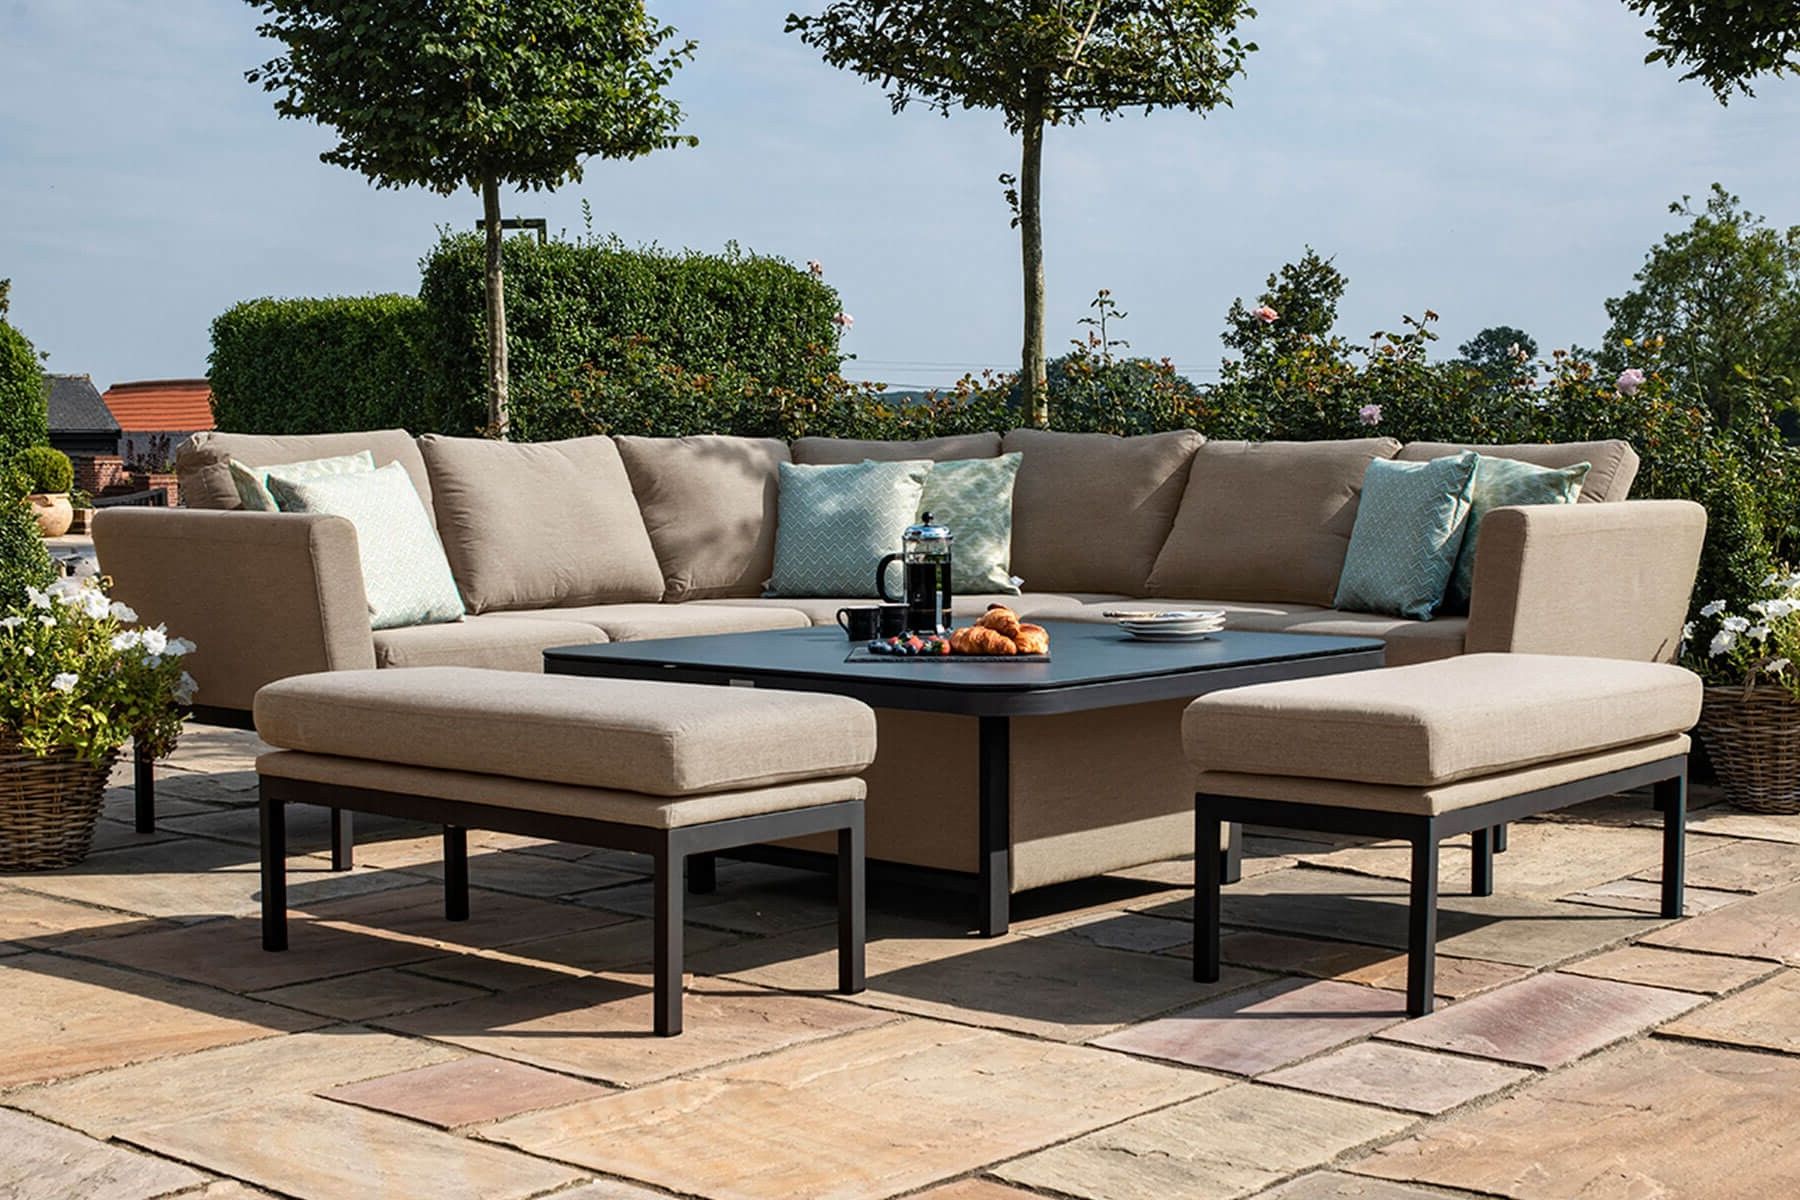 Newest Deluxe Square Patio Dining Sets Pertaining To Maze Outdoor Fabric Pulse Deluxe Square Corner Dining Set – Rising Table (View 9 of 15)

+++

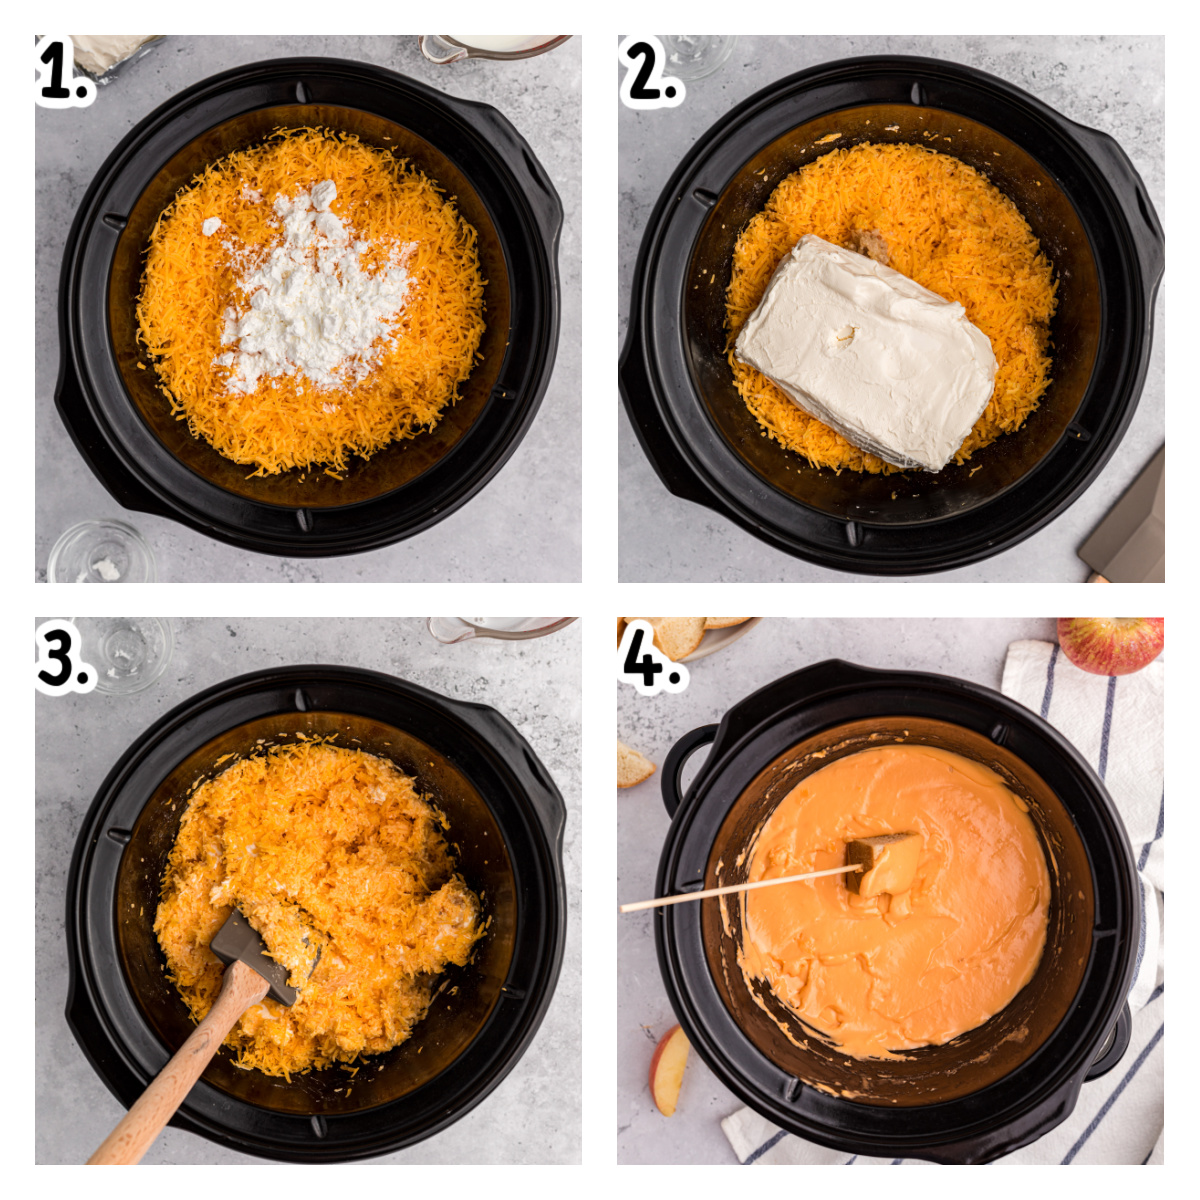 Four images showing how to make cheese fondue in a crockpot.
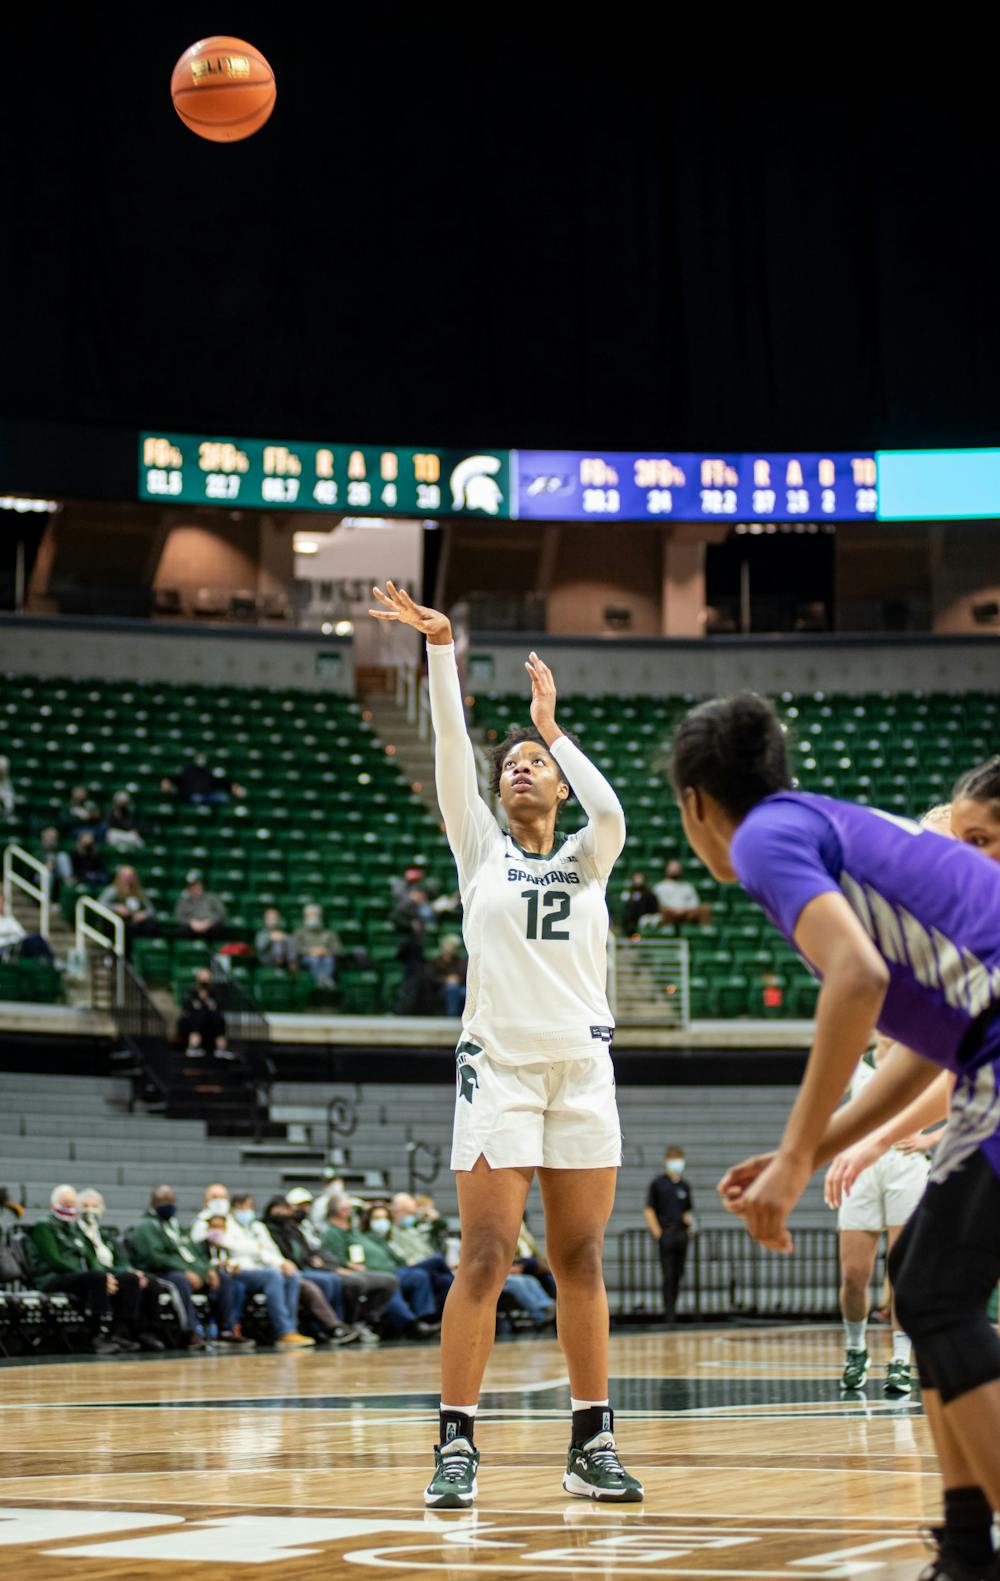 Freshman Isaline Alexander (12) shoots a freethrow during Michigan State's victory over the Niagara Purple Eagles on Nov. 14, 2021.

+++

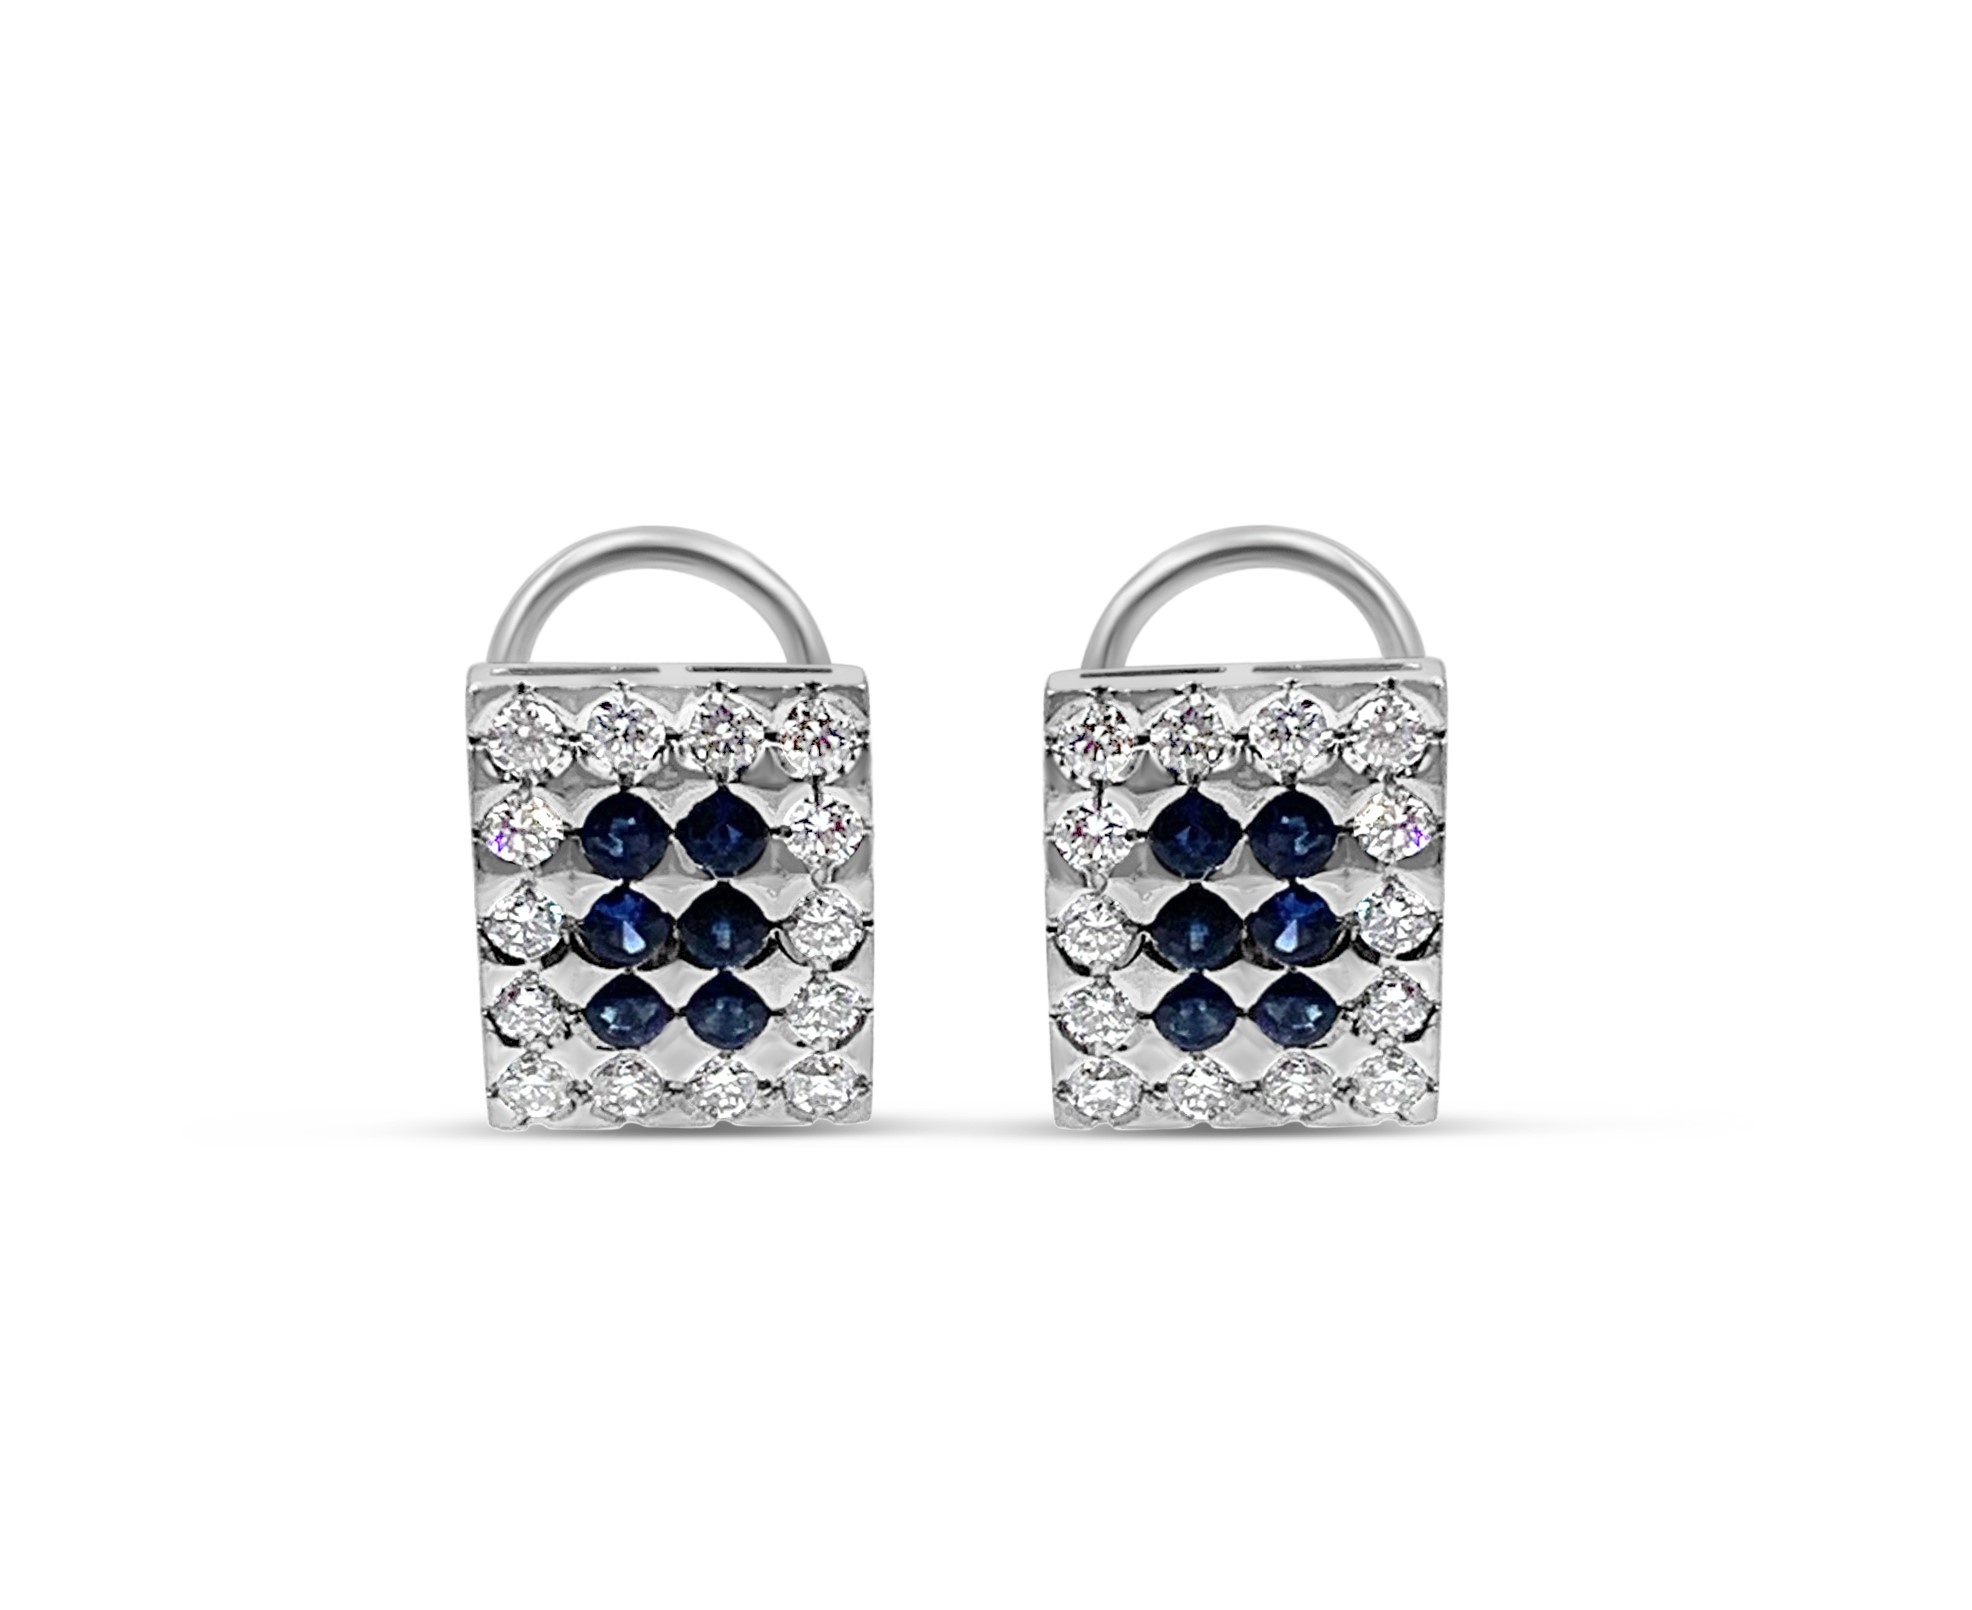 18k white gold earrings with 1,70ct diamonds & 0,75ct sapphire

+++

_What to produce_: Beginning with the line holding "Four images showing" in the material above, restate word for word each line through the line holding "Freshman Isaline Alexander", and exclude pictures.

_Result for this exercise_:
 Four images showing how to make cheese fondue in a crockpot.
 Freshman Isaline Alexander (12) shoots a freethrow during Michigan State's victory over the Niagara Purple Eagles on Nov. 14, 2021.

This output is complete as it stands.